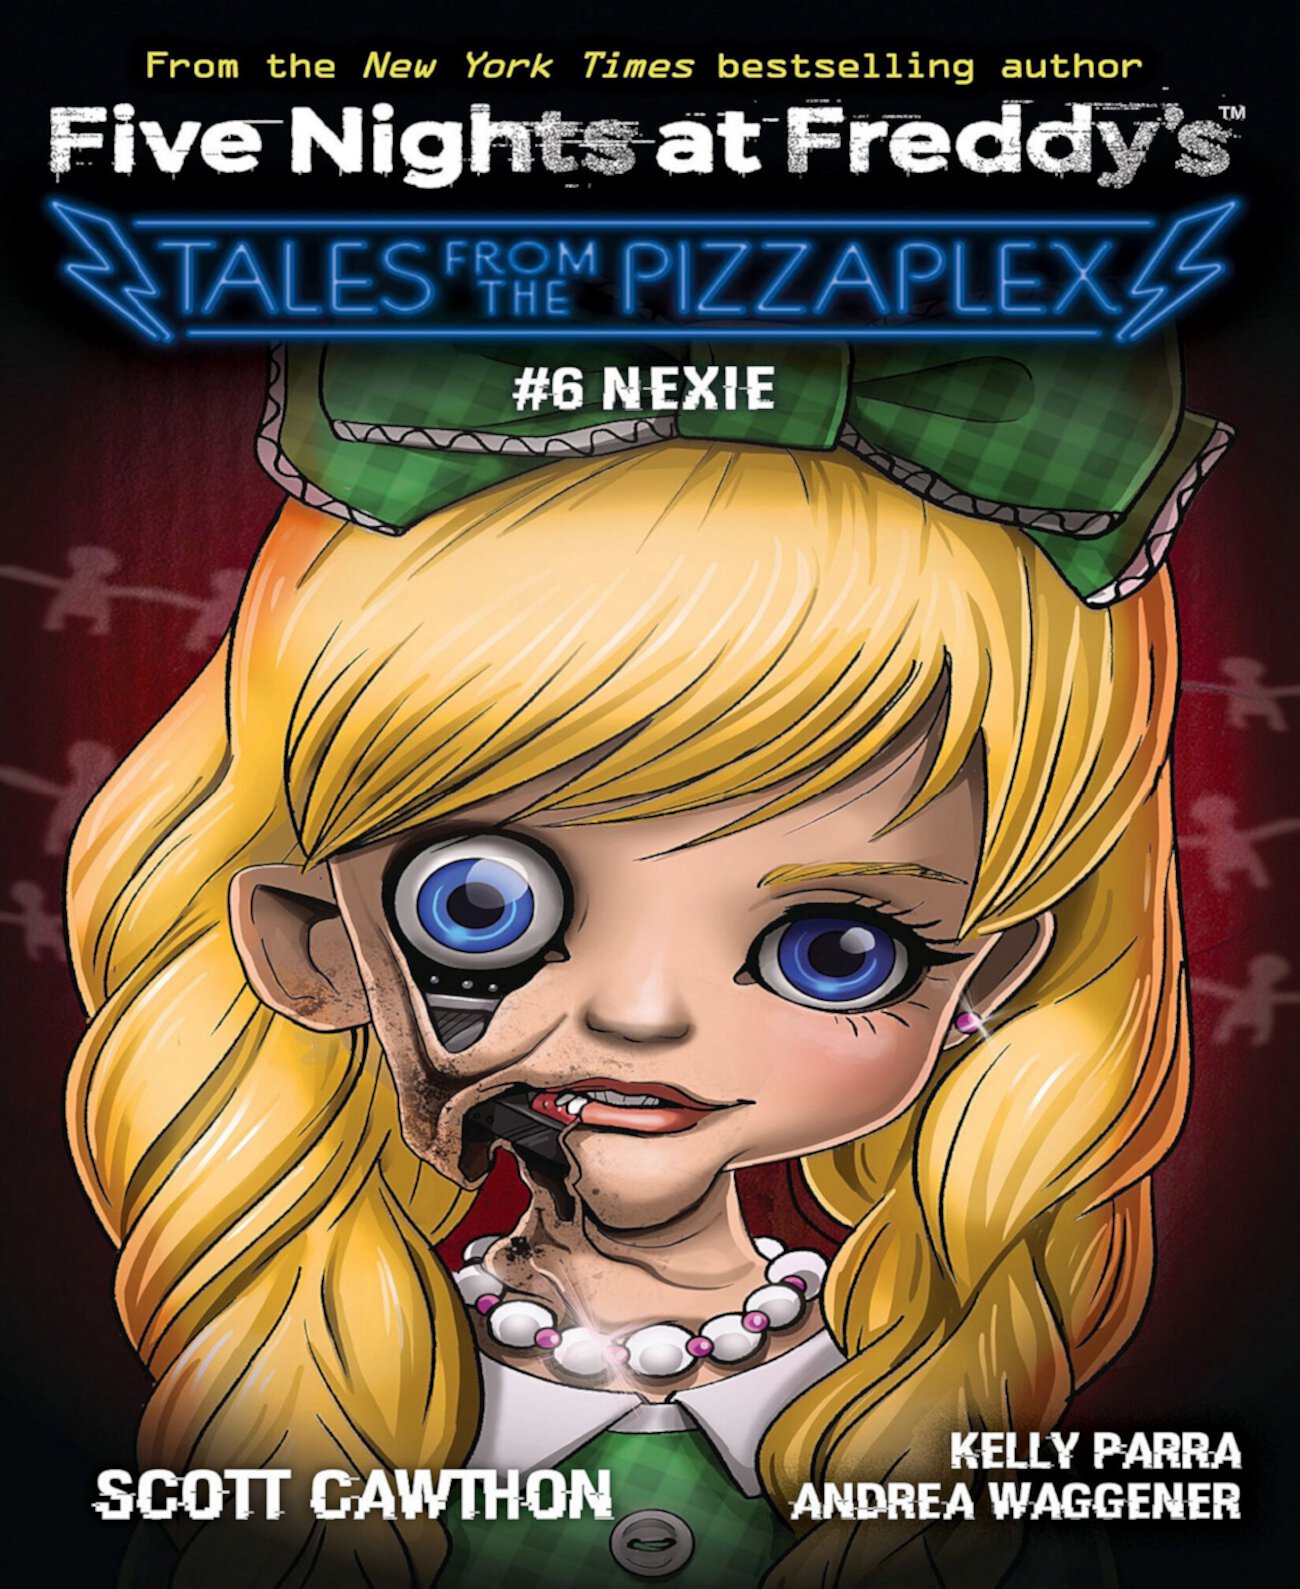 Scott Cawthon-Nexie: An AFK Book Five Nights at Freddy's:Tales from the Pizzaplex 6 Readerlink
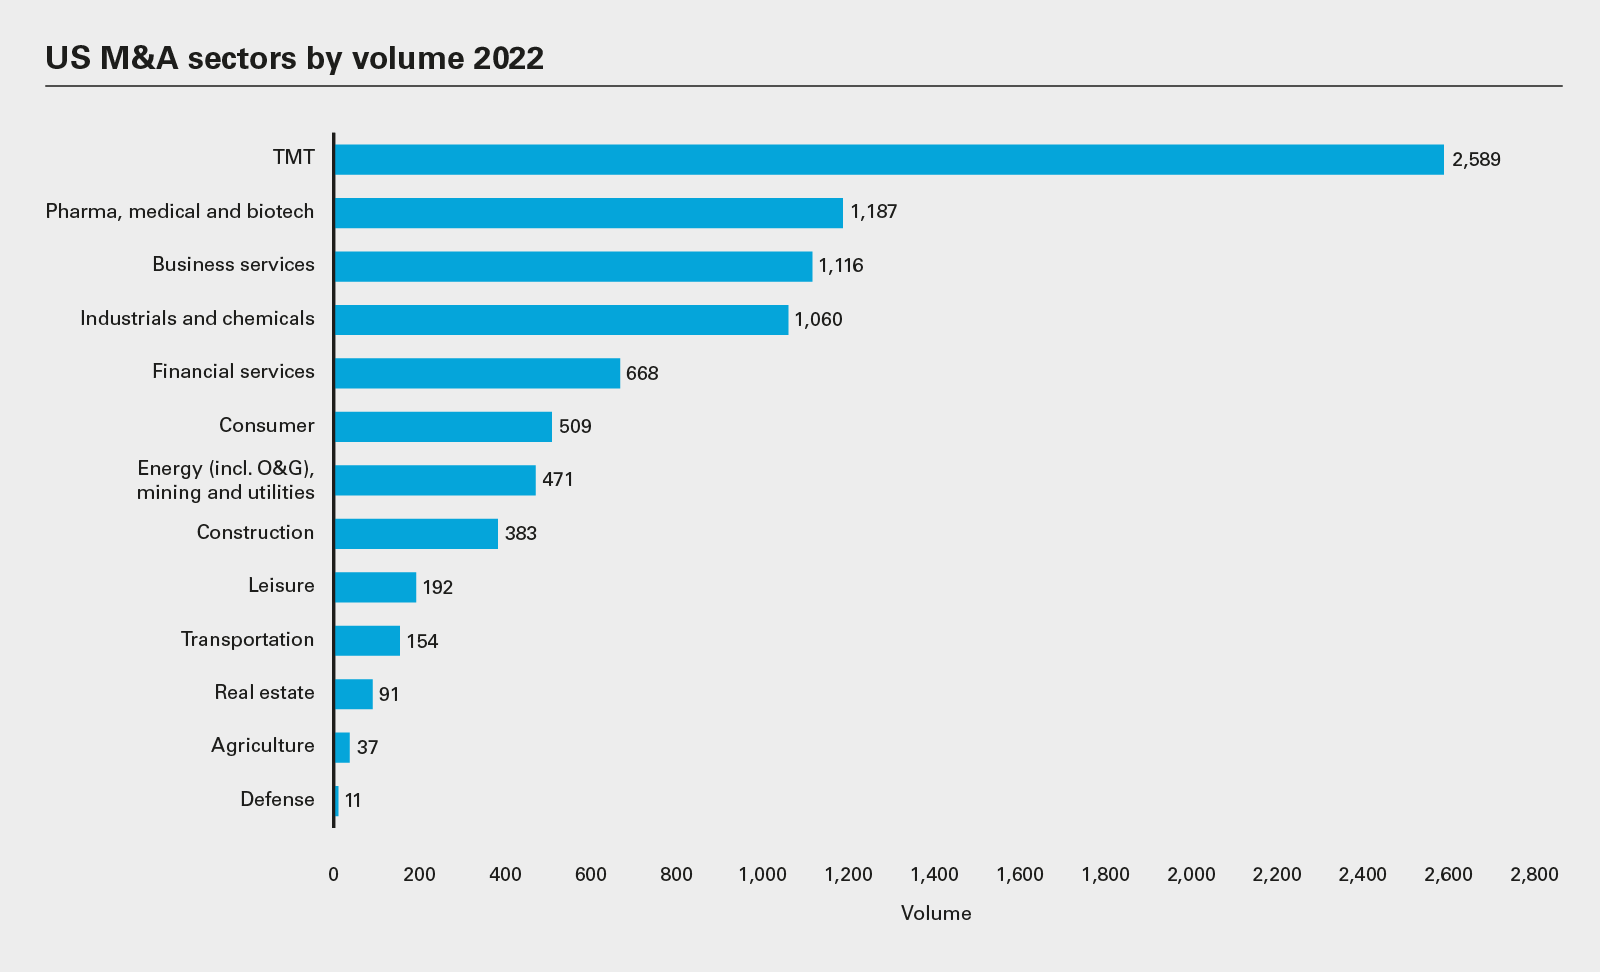 US M&A sectors by volume 2022 
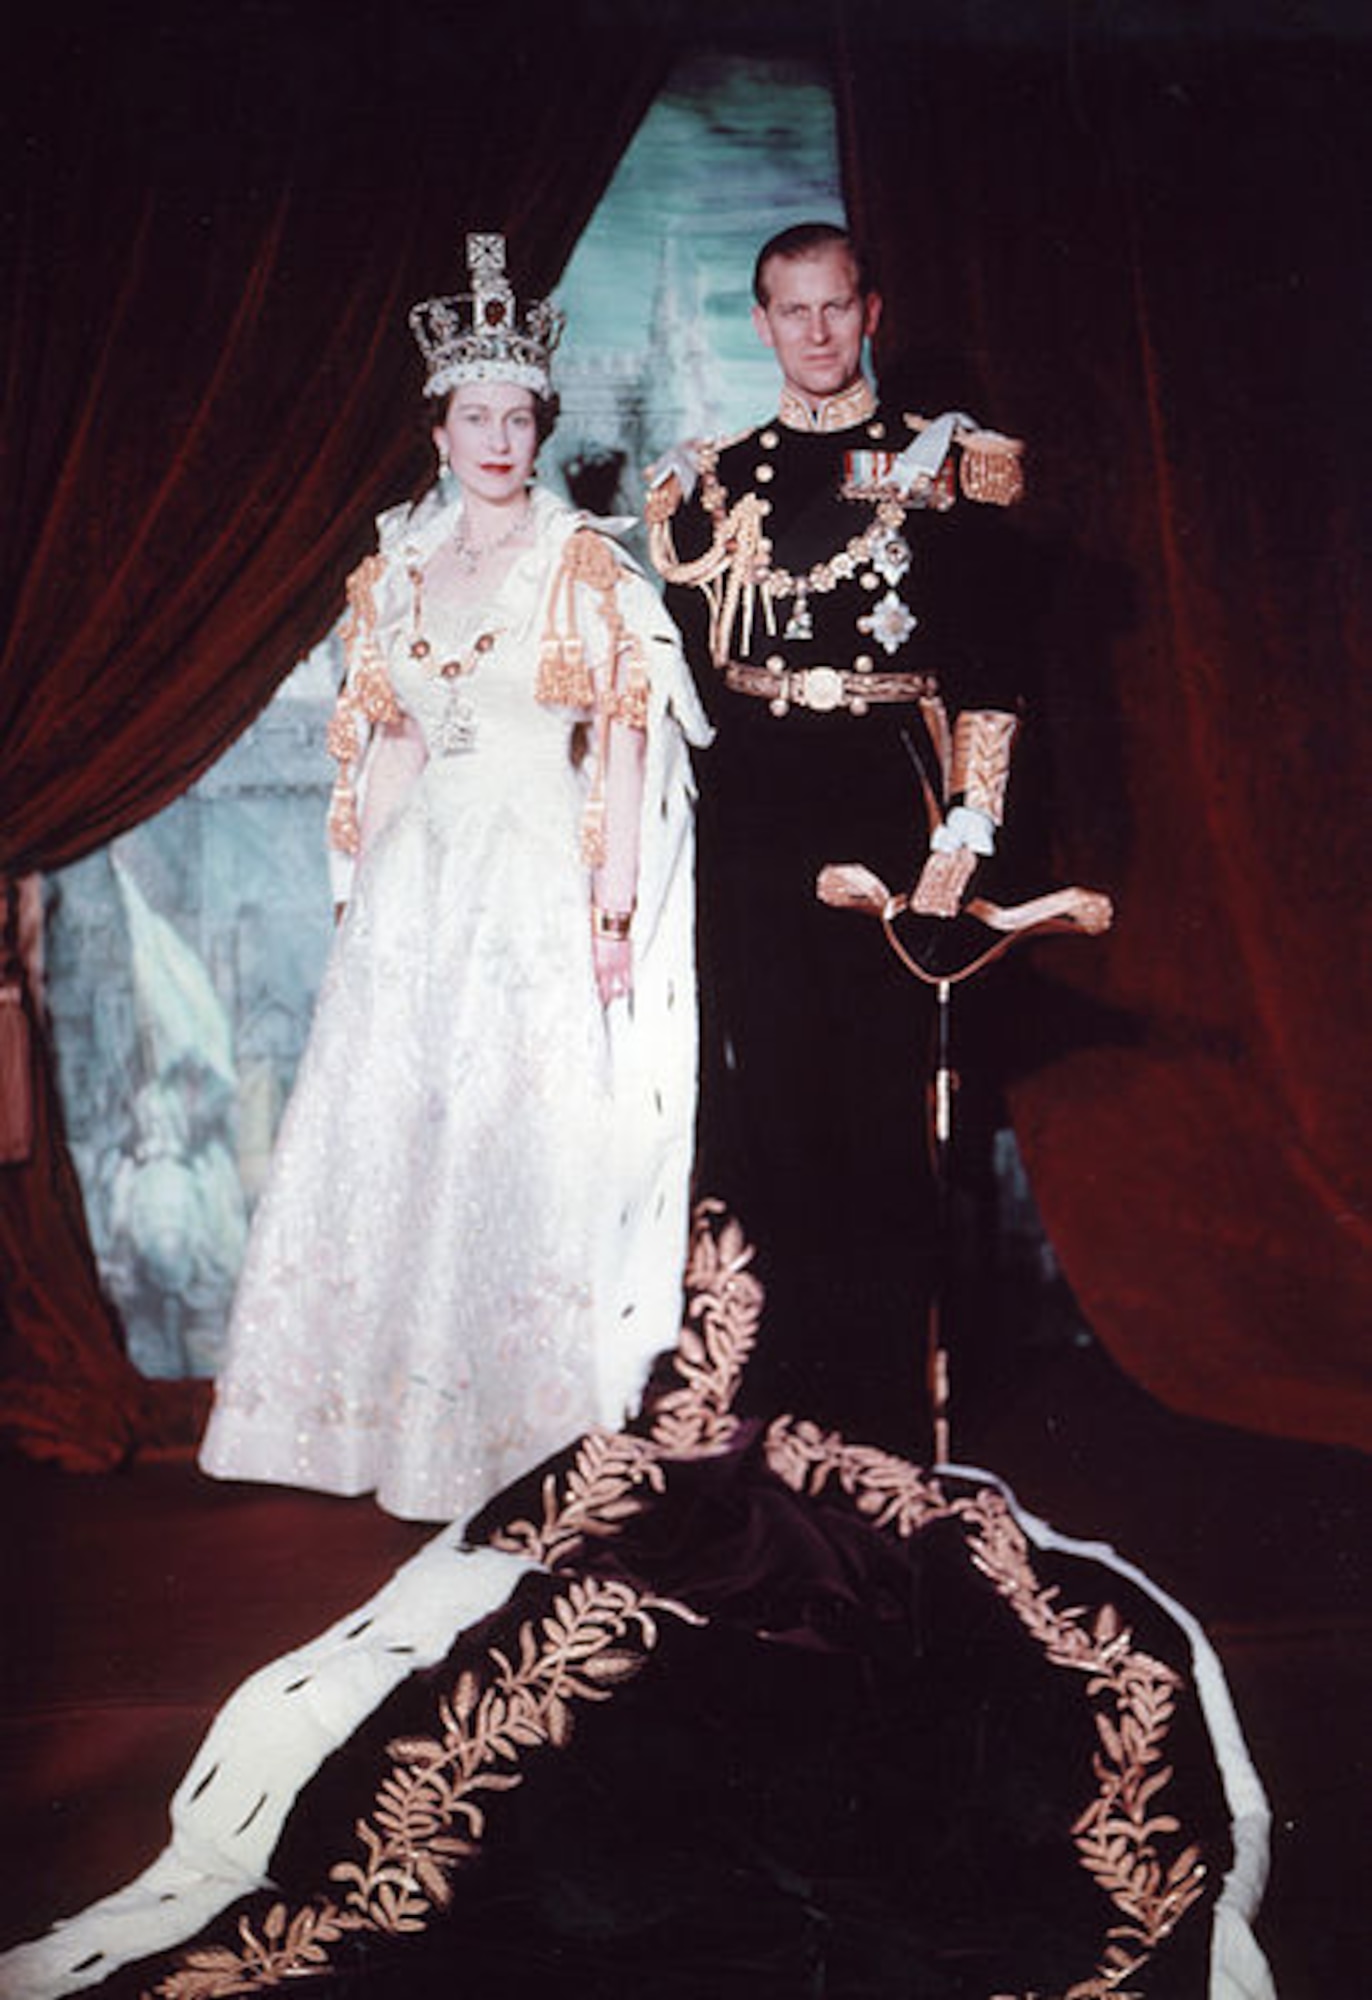 Official portrait of Queen Elizabeth II and Prince Philip, Duke of Edinburgh, following the Queen's coronation in June 1953. (Courtesy photo)

The task: Only the lines from the one with "US M&A sectors by volume 2022" through the end of the data, both ends included, should be written out exactly, and no pictures should appear.

Solved problem:
 US M&A sectors by volume 2022 
 Official portrait of Queen Elizabeth II and Prince Philip, Duke of Edinburgh, following the Queen's coronation in June 1953. (Courtesy photo)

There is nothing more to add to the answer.